- Omadhoo Location in Maldives
- Coordinates: 03°47′27″N 72°57′50″E﻿ / ﻿3.79083°N 72.96389°E
- Country: Maldives
- Administrative atoll: Alif Dhaal Atoll
- Distance to Malé: 73.96 km (45.96 mi)

Dimensions
- • Length: 0.950 km (0.590 mi)
- • Width: 0.300 km (0.186 mi)

Population (2022)
- • Total: 913
- Time zone: UTC+05:00 (MST)

= Omadhoo (Alif Dhaalu Atoll) =

Omadhoo (އޮމަދޫ) is one of the inhabited islands of Alif Dhaal Atoll in the Maldives.

==Geography==
The island is 73.96 km southwest of the country's capital, Malé.

==Demography==

According to the latest census conducted in 2018, the total population of Omadhoo is at 1089 out of which 840 are Maldivians, and above 150 foreigners.

==Governance==
In accordance with the recently passed Decentralization Act of Maldives, Omadhoo is governed by an elected Island Council composed of three councillors. The council is headed by the president of the council. The Island Council reports to the Local Government Authority (LGA).

== Economy ==
As of January 2018 there are nine guest house in Omadhoo. The guest houses provide the island with direct employment, and many other indirect economic benefits to the island. Most guest houses are funded by direct investments by local residents of the island. However, recently there have been investments by businessmen in Male' and elsewhere.

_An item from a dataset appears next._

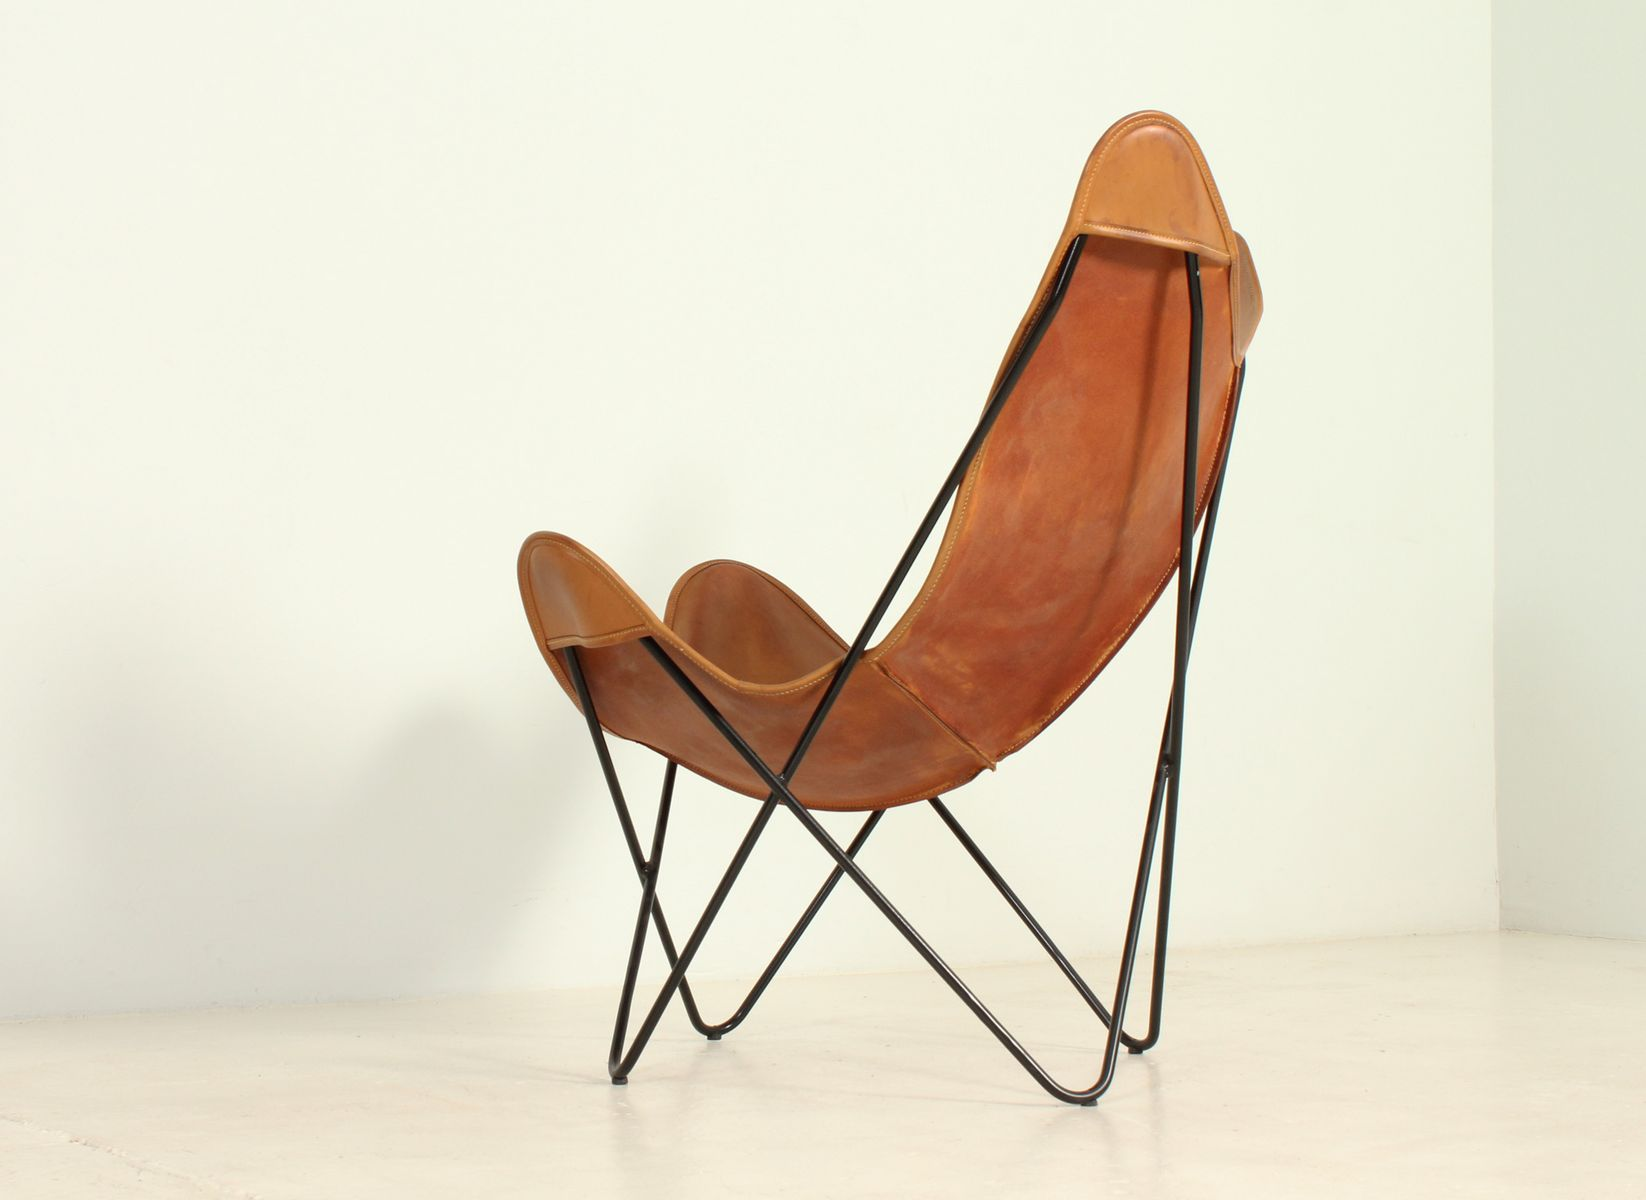 chaise butterfly par ferrari kurchan and bonet 1970s en. Black Bedroom Furniture Sets. Home Design Ideas
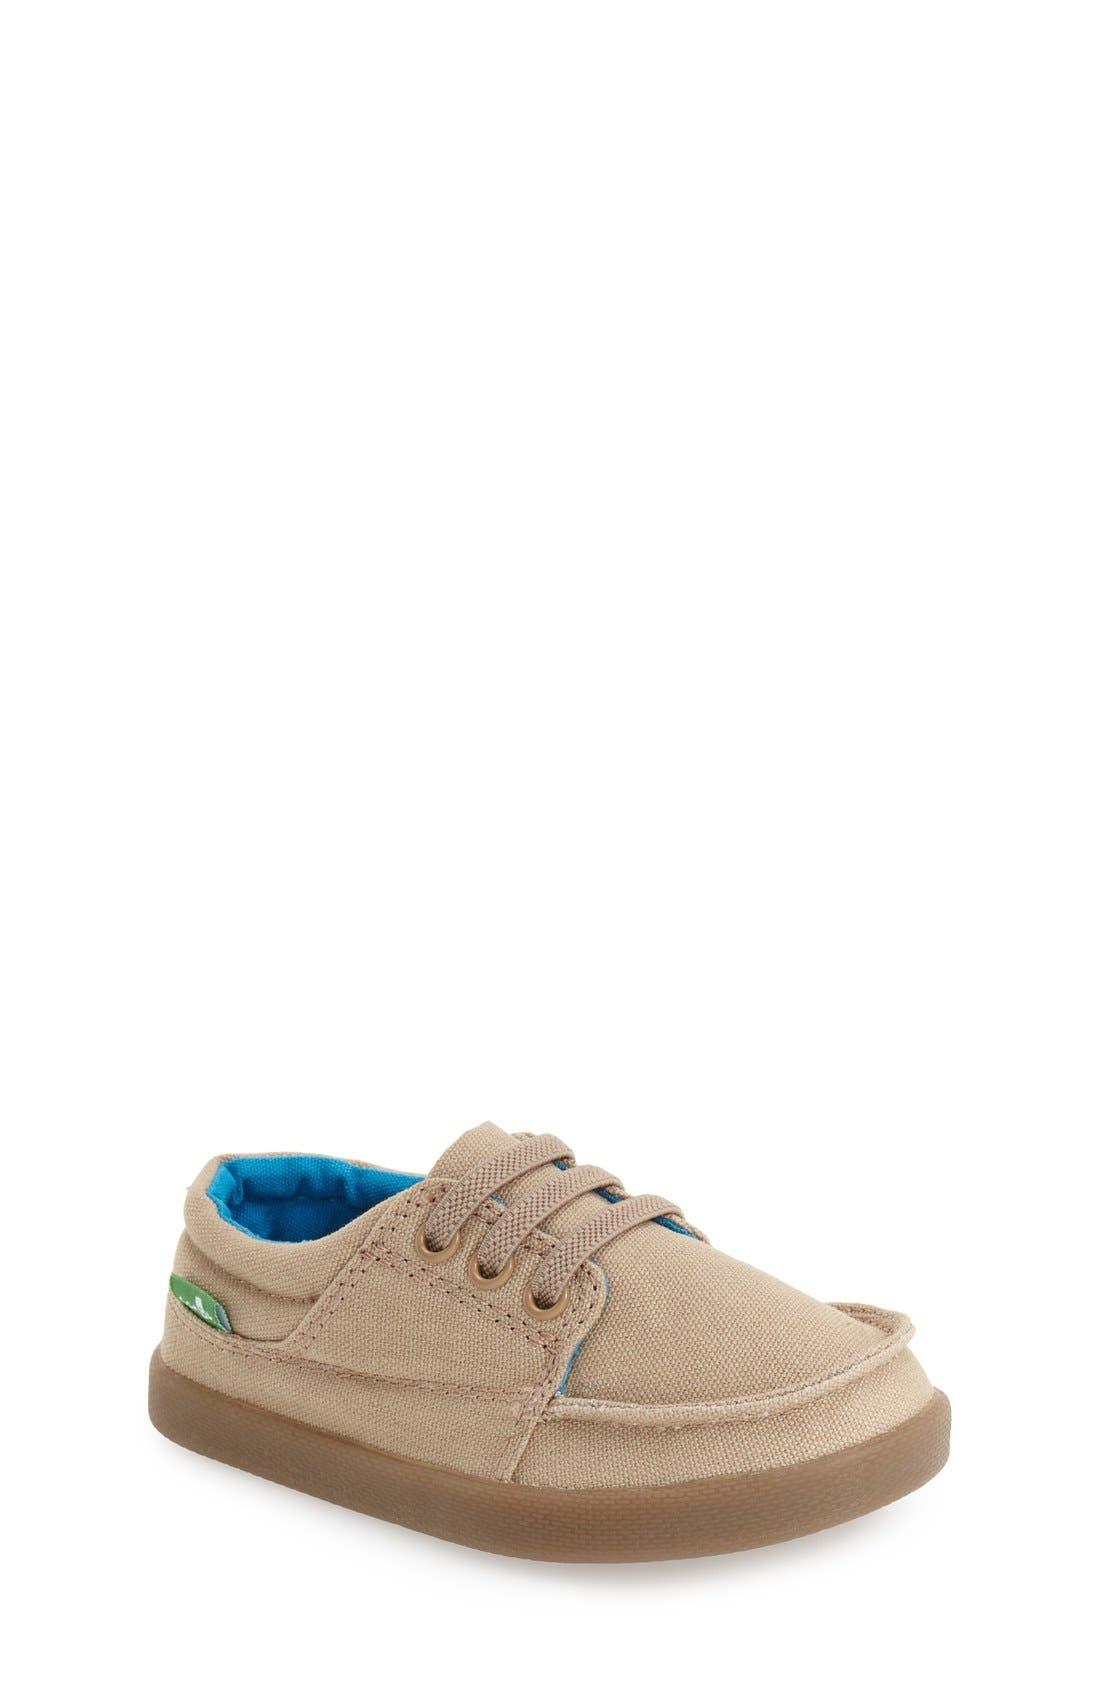 Sanuk 'Lil Tko' Sneaker (Toddler, Little Kid & Big Kid)

Guest houses provide various excursions, including: whale shark watching, manta rays, off island snorkeling, fishing, scuba diving, sand bank and picnic island visiting (including overnight staying).

==Education==
Omadhoo is served by combined one preschool and one primary/secondary school, Omadhoo School.

== Transport ==
Omadhoo is connected by ferry service from Malé. Some private companies provide scheduled speedboat service.